Era un homenaje a las tres. Y también a toda la
saga de los "longinos", desde el titular, el abuelo
José, a su descendientes, hijos de Olivares y del
Duero.
Aquí queda, para quien quiera leer...
Santiago (enero, 2009)
Si quieres decirme algo o enviarme alguna
fotografía, este es mi correo:
[email protected]
Olivares, el arrabal
Cuando el Duero viene crecido, muy crecido,
se desborda e inunda algunas casas, y en
otras el agua sale por las cloacas. Con la cabeza encajada en el anguloso hueco de las
almenas fusileras del Castillo, escuchaba a
mi madre esta conversación con algún familiar forastero a quien explicaba las dificultades
de vivir en Olivares. Nosotros, pensaba yo,
estábamos a cubierto de esos inconvenientes, San Lázaro, el alto de San Lázaro —años
después, San José Obrero— no sentía la
amenaza del Duero embravecido. Por qué vivir tan cerca del peligro, me preguntaba yo,
siendo tan fácil evitarlo; bastaba con vivir más
lejos del río. Era fácil, como fáciles son algunas cosas en la infancia... Tengo de mi niñez
algunos recuerdos como éste del arrabal de
Olivares. Ninguno corresponde a un paseo
por sus calles. Ni uno sólo es una vivencia,
una correría, una experiencia entre sus gentes. Cogido de la mano de mi madre, en
compañía de otros familiares, la visita a los
jardines del Castillo, la mirada desde las almenas, las carreras por el adarve para
encontrar la mejor perspectiva desde uno de
aquellos huecos, eran una vivencia repetida
un par de veces al año. Desde allí la observación atenta de lo que debajo de nosotros
había alimentaba la curiosidad. El Duero,
siempre hermoso, a veces magnífico; los
campos extendidos a uno y otro lado del río;
la cercanía de la carretera de Trascastillo,
aún usada por carros y en esas ocasiones
poblada de personas; y Olivares en medio.

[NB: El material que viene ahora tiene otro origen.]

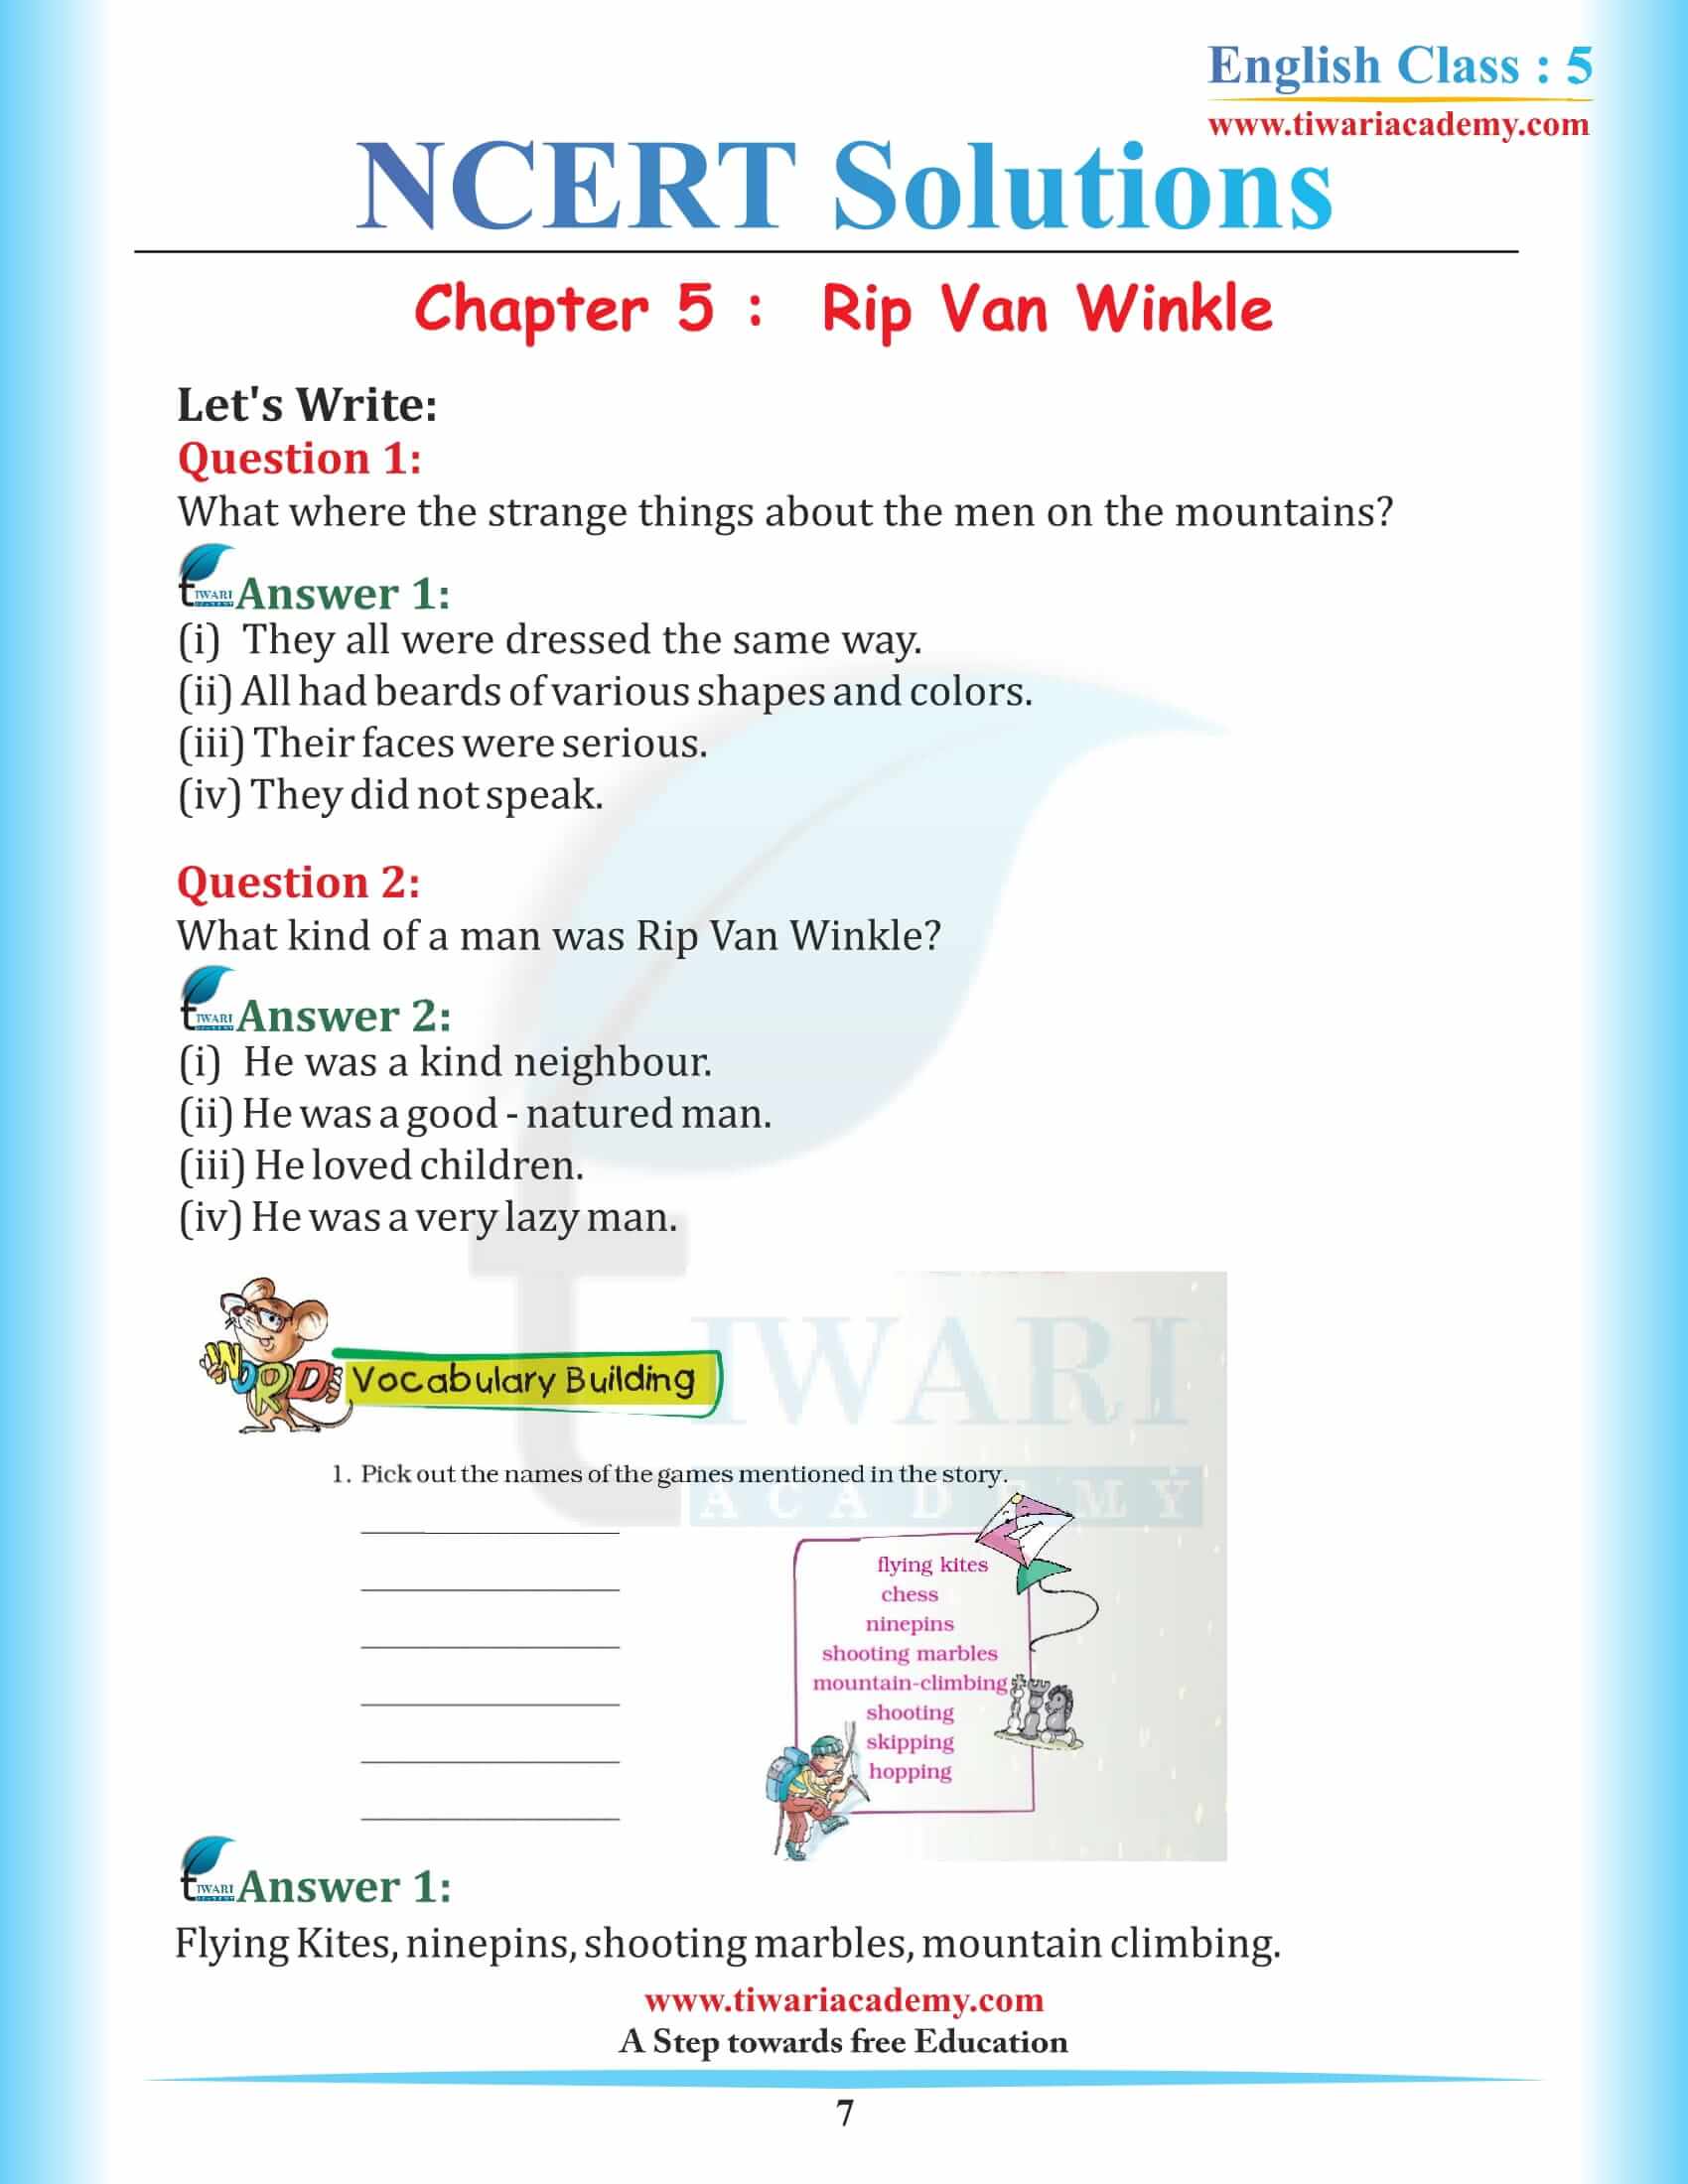 NCERT Solutions for Class 5 English Chapter 5 Rip Van Winkle in Hindi Medium

Casitas de una o dos plantas, corrales, huertos, dos iglesias... Un mundo de vecindad con
vida propia. Año tras año y ya crecido, era
habitual acercarme con los amigos alargando
el paseo o buscando la novedad. También
entonces la visión entrañable aparecía. Olivares siempre abajo, siempre observado, siempre desconocido...
El primer recuerdo que tengo de andar por las
calles de la barriada me llega también cogido
de la mano, ahora de la de Rosi. Su hermana
Carmina y Antonio vivían allí sus primeros
años de matrimonio. Alguna razón de llevar o
traer algo nos acercó. Creo que me quedé en
la calle, como correspondía en esos tiempos... Después ya múltiples veces, por las
fiestas, por el río, por la nostalgia, por lo mucho que Olivares guarda... ¡Ah!, Olivares, tanto patrimonio, tanta historia en tus espacios y
tan poca atención que te hemos dado: El
Campo de la Verdad, testigo del combate de
los hijos de Arias Gonzalo por la honra de los
zamoranos tras el Cerco de Zamora en 1072;
la cruz integrada en el muro de piedra que recuerda el lugar donde Bellido hirió de muerte
a Sancho II atravesándolo con un venablo
mientras se aliviaba; la iglesia de Santiago el
Viejo o de los Caballeros, con su leyenda de
haber visto arrodillado al Cid para ser armado
caballero; la iglesia de San Claudio, prodigiosa en canecillos románicos; el Arroyo de Valorio y su pasar tranquilo camino de su final
diluido en la enorme vitalidad del Duero venerado; y... las Aceñas, una ruina, hasta antesdeayer abandonadas, perdidas, arrasadas.
Hoy otra joya.
Ahora que han inaugurado las Aceñas restauradas, vienen a la memoria algunas conversaciones con la abuela Enriqueta. De una
tengo anotado en el margen de un trozo de
periódico que su arraigo en Olivares comienza con la historia de su abuelo materno, Florentino, hijo de Luelmo de Sayago que, siendo molinero en una dehesa, se desplazó a
Zamora para trabajar, también de molinero,
en las Aceñas del Cabildo. Se hizo con la casa de la Calle Rodrigo Arias y arraigó allí.
Después de él era un tal Nicomedes el molinero, y el siguiente, y último, Felipe Faúndez.
Después las Aceñas dejaron de usarse y llegó el abandono y la ruina; el paso de los años
y las acometidas del Duero las arrasaron.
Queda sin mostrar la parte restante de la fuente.